Portrait de Yannis Cuypers

Yannis Cuypers est enseignant-chercheur au Laboratoire d’Océanographie et du Climat : Expérimentations et Approches Numériques (LOCEAN-IPSL), spécialisé dans l’étude des phénomènes à petites échelles et sur des temps courts. Il s’intéresse notamment à la turbulence, aux ondes et aux tourbillons dans l’océan pour comprendre comment ces phénomènes transportent chaleur, salinité, nutriments et comment ils influencent la vie du phytoplancton.
« J’ai réalisé un cursus scolaire assez classique : une licence de physique à Sorbonne Université, un diplôme d’études approfondies (DEA) en dynamique des fluides et transfert, avant d’entreprendre une thèse, » précise-t-il. C’est lors de son post-doctorat à l’École des Ponts et Chaussées qu’il découvre son intérêt pour le milieu aquatique, en commençant par l’étude des lacs, notamment celui du Bourget.
Des lacs aux océans
« Les questions de mouvement, de dynamique des fluides sont très similaires à ce qui se passe dans l’océan, » souligne-t-il. Yannis rejoint alors le Laboratoire d’Océanographie et du Climat : Expérimentations et Approches Numériques (LOCEAN-IPSL) et participe à de nombreuses expéditions océanographiques afin d’y mesurer les turbulences.

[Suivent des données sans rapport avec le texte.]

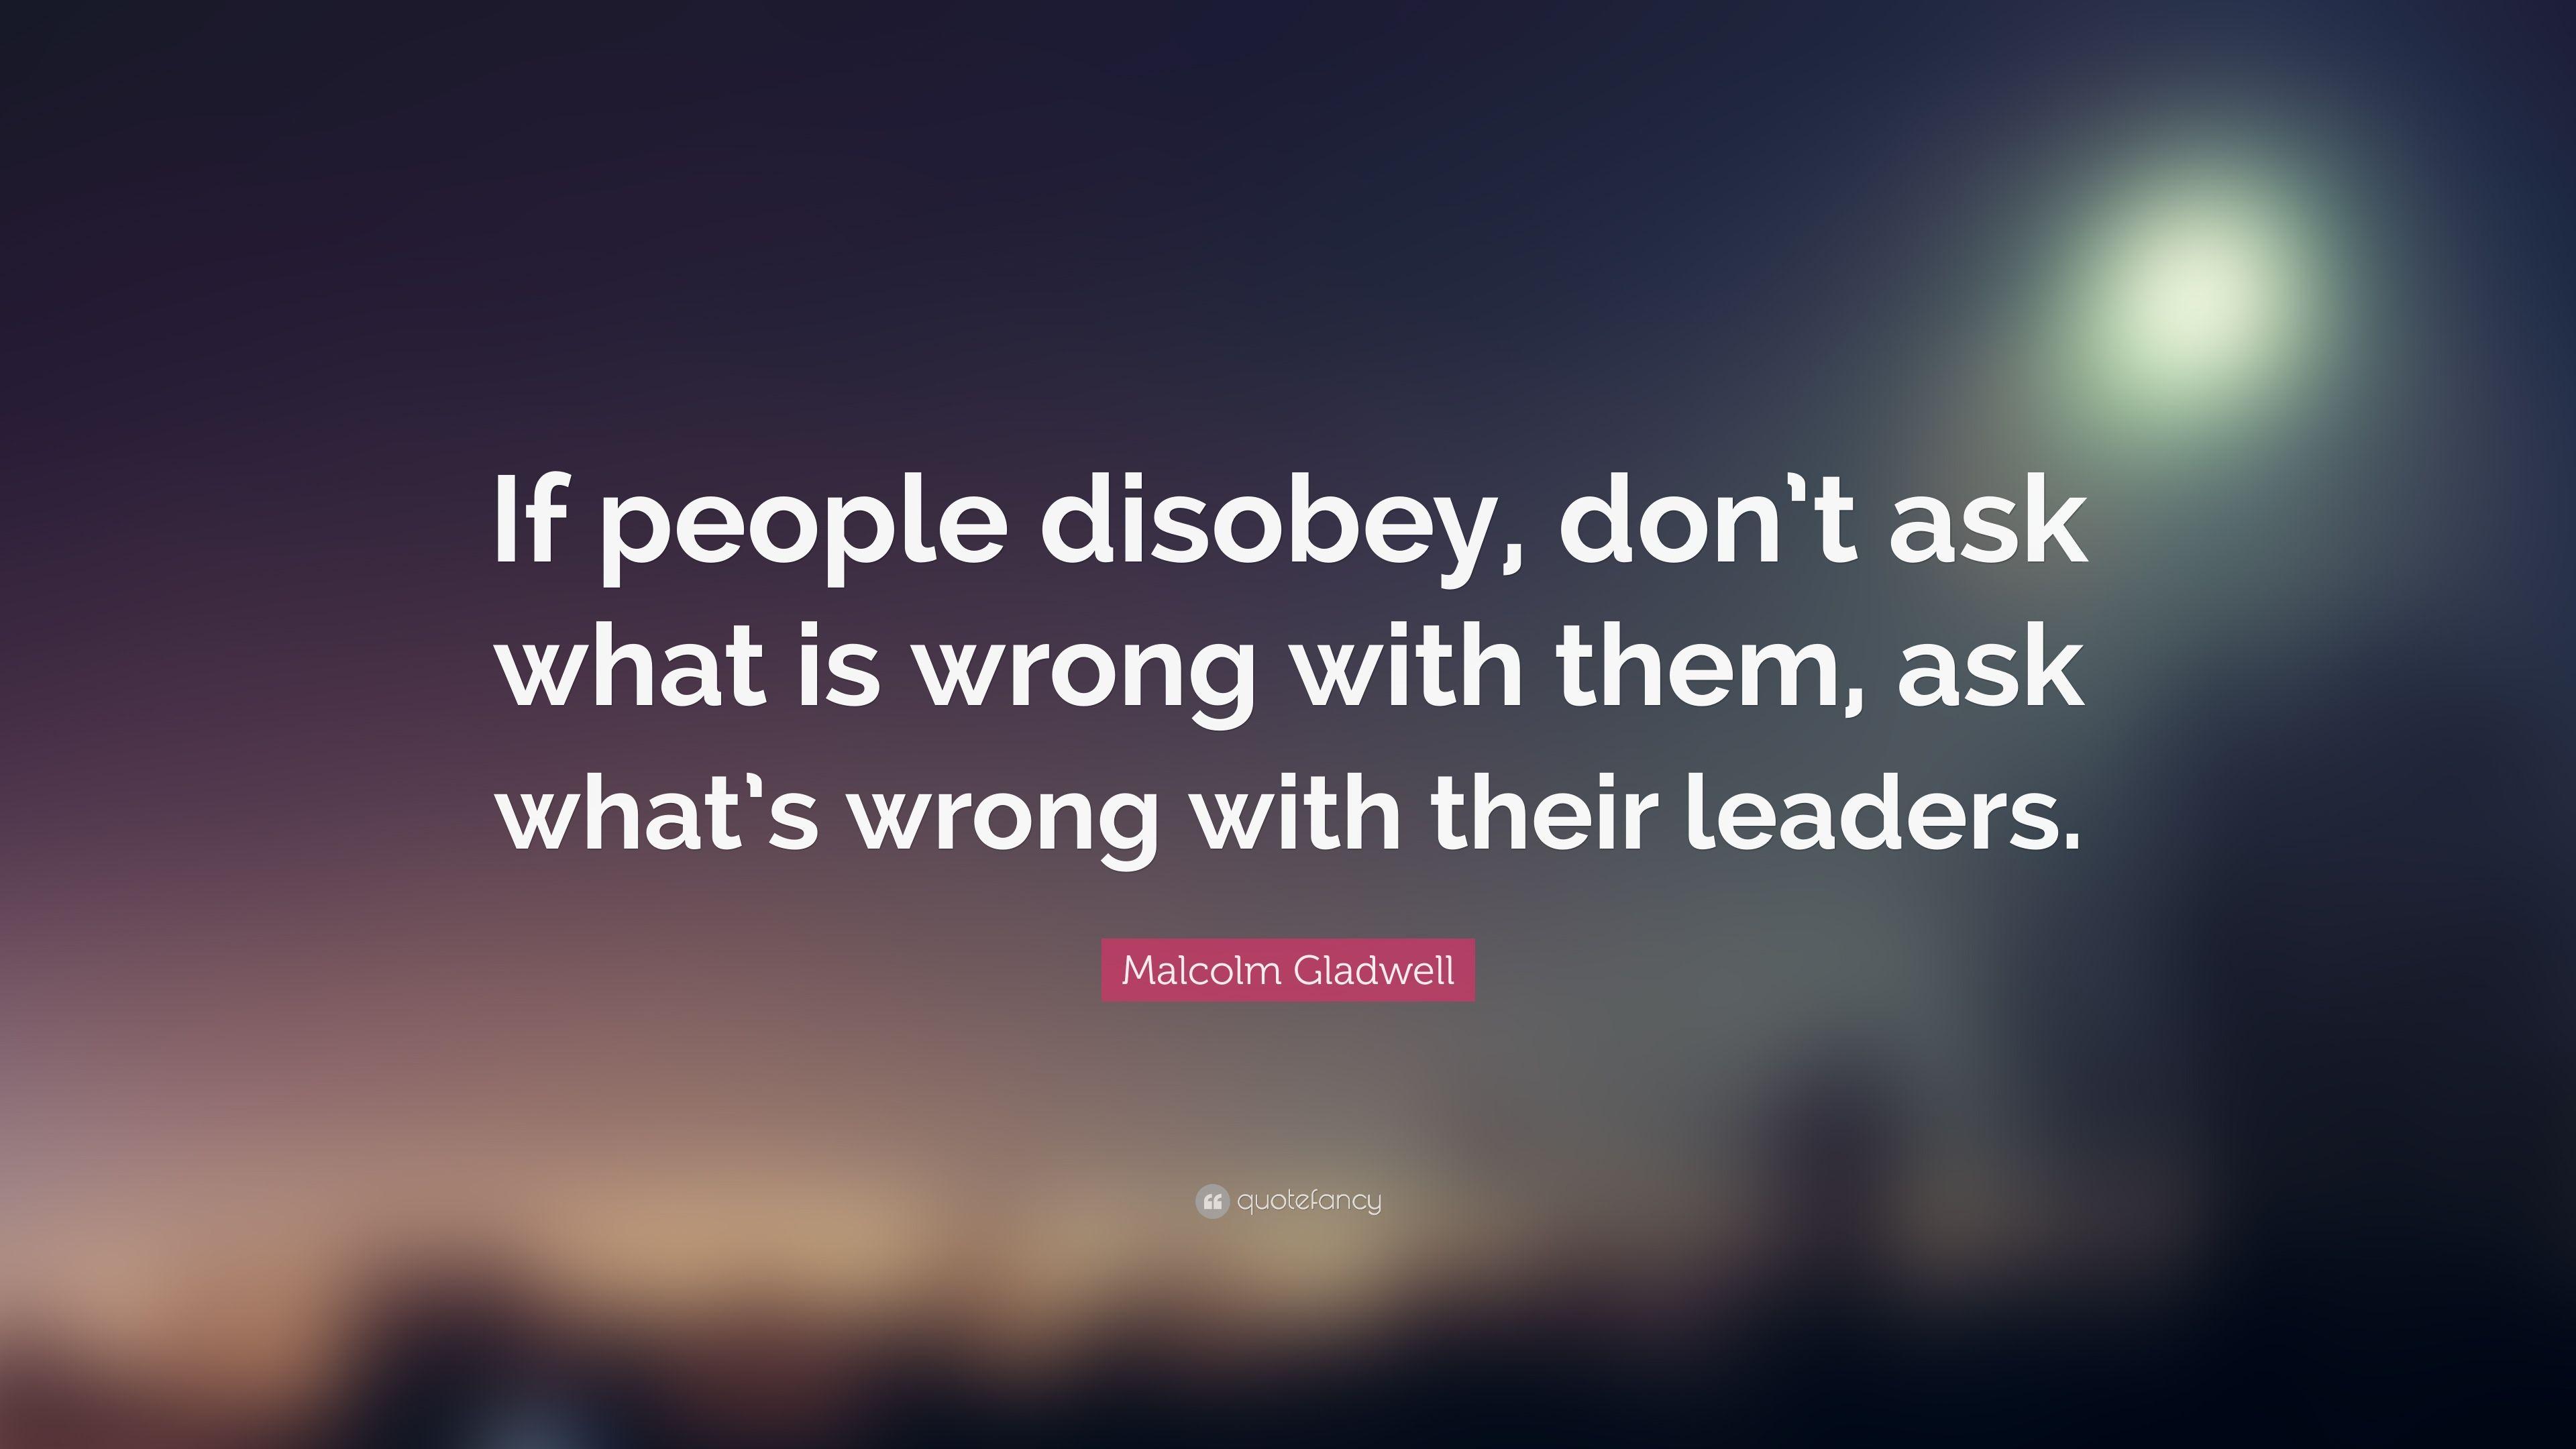 Malcolm Gladwell Quote: “If people disobey, don't ask what is

La transition entre les lacs et l’océan ne va toutefois pas sans difficultés, notamment sur le plan instrumental. Le Velocity Microstructure Profiler (VMP) est l’un des dispositifs utilisés en mer : il mesure de très faibles variations de vitesse afin de caractériser les turbulences sous l’eau. Particulièrement sensible, cet instrument doit être déployé en chute libre et ne pas subir de perturbations mécaniques liées au câble qui le relie au navire, sous peine d’altérer les mesures.
« Le câble reliant l’instrument au bateau ne doit pas être mis sous tension, ce qui complexifie la tâche lorsque nous sommes en mer. C’est dans ces moments-là que l’on prend conscience des courants extrêmement variables, tant en direction qu’en profondeur, » explique-t-il.
Entre le risque de sectionner le câble avec l’hélice, les contraintes de tension et les fluctuations de l’eau, chaque déploiement exige rigueur et coordination.
Comment obtenir des données fiables avec un appareil aussi délicat ? Grâce à une communication constante avec l’équipage et beaucoup de sang-froid. « Même si cette mesure n’est pas la plus évidente, ce n’est pas la plus courante en océanographie » conclut Yannis.